The widespread use of cloud facilities, the rapid development of the organization, and the way to turn to the distance, directly leading to a large expansion of the organization attack surface, and the blind spot in the connection architecture increases.
Attack surface expansion, plus monitoring dispersion, brought people unwilling to see: Successful network attacks have increased significantly. In addition to the notorious lesso software, the attack also covers a series of other types. The main problem is that network attackers use unmanned blind spots to destroy the organization’s infrastructure, and the attacks are upgraded or transversely migrated to seek valuable information.
Discovery attack is the problem. Most organizations have developed rapidly, but the ability to track all changes has not been kept. To catch up with the past and catalog all the past and existing assets, this task is often considered to be in vain, very complex and resource.
However, in view of the potential cost of successful invasion, and any asset is not monitored by any assets that the ability to identify and use exposed assets can lead to catastrophic consequences.
This is also the land of emerging technology such as attack surface management (ASM).

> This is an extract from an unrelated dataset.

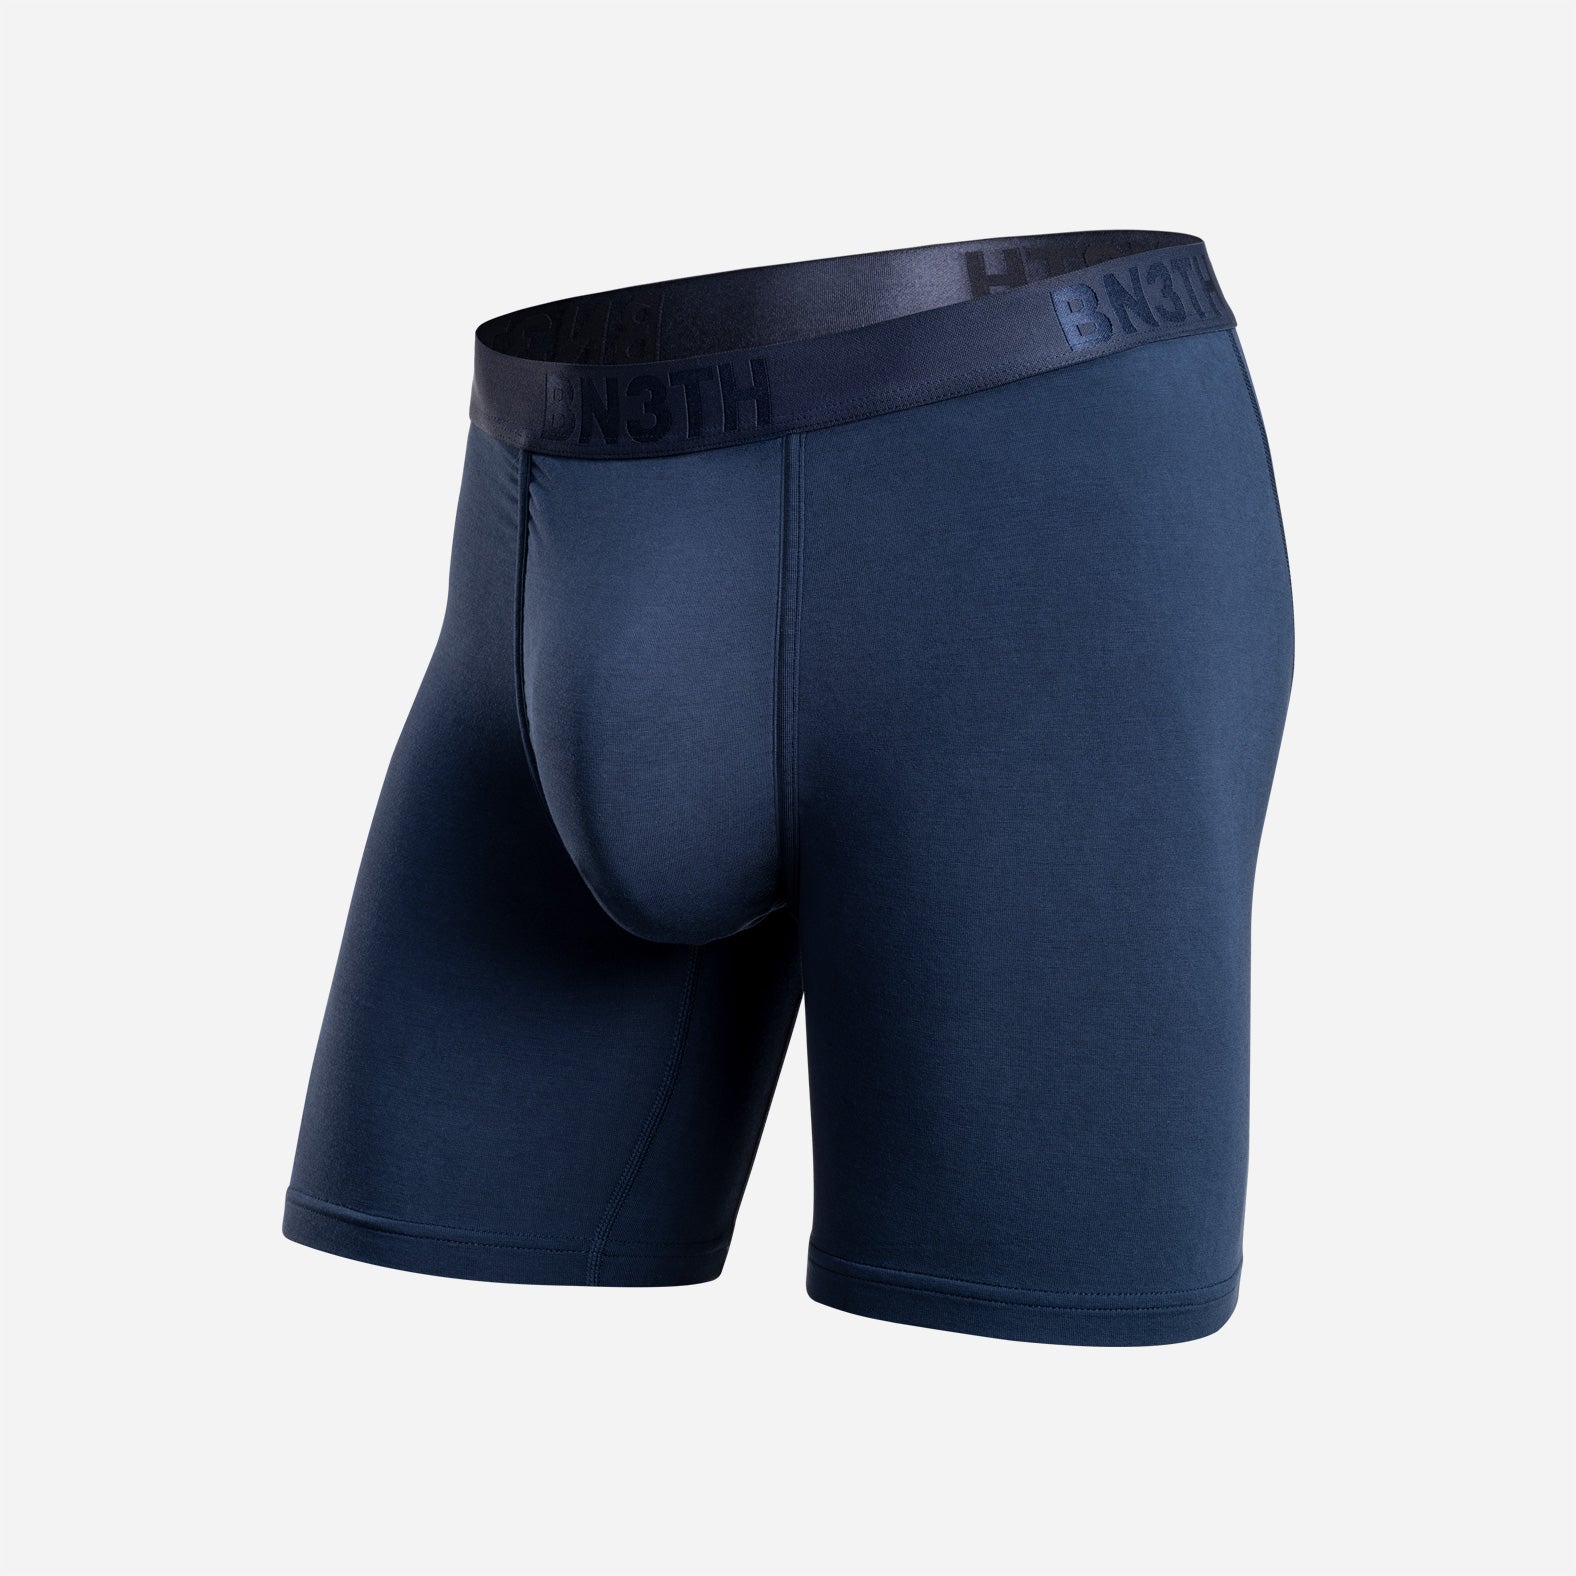 BN3TH Underwear – Classic Navy Brief: | Boxer

What is an attack surface?
Attackers refers to all hardware, software, saqs, and cloud assets that access processing or store data over the Internet, or it can be considered to be used by network criminals to manipulate the network or system to extract data. Attackers include:
Known Assets: Inventory and Management Assets, such as corporate websites, servers, and content depending on their operation; unknown assets: shadow IT or isolated IT infrastructure, these infrastructure exceeds the security team’s permission range, such as forgotten Development website or marketing website; rogue assets: malicious infrastructure initiated by threats, such as malware, domain names, or pretending domain names or mobile applications, etc. Fourth-party suppliers also introduce major third-party risks and fourth-party risks. Even small suppliers may also lead to large-scale data leakage.

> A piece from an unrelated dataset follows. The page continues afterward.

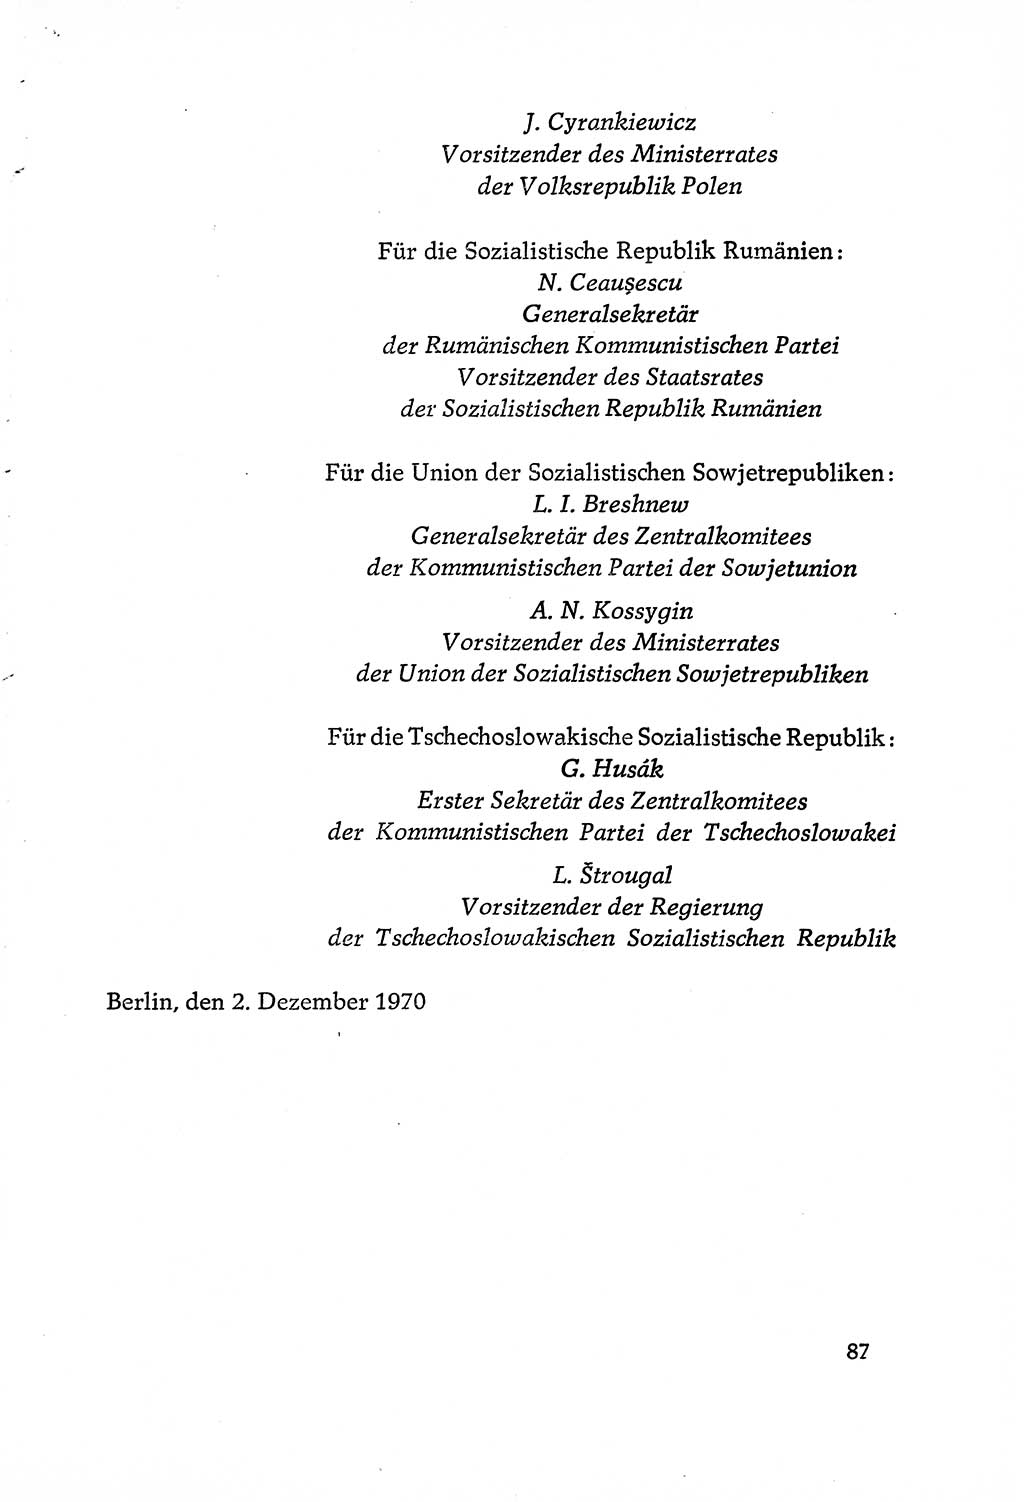 Dokumente der Sozialistischen Einheitspartei Deutschlands (SED) [Deutsche Demokratische Republik (DDR)] 1970-1971, Seite 87 (Dok. SED DDR 1970-1971, S. 87)

What is attacking surface management (ASM)?
ASM is a technique for excavating Internet data sets and certification databases, or analog attacker reconnaissance means. Both of these methods are intended to conduct comprehensive analysis of organizational assets found during the investigation, including scanning domains, subfields, IP, ports, shadow ITs, etc. to troubleshoot the Internet-oriented assets, then analyze them to find vulnerabilities And safety hazards.
Advanced ASM includes providing a feasible resolution suggestion for each exposed security hazard, such as cleaning unused and unnecessary assets to reduce the attack surface, or a warning for individuals, informing its email address, can be used for network fishing attacks at any time.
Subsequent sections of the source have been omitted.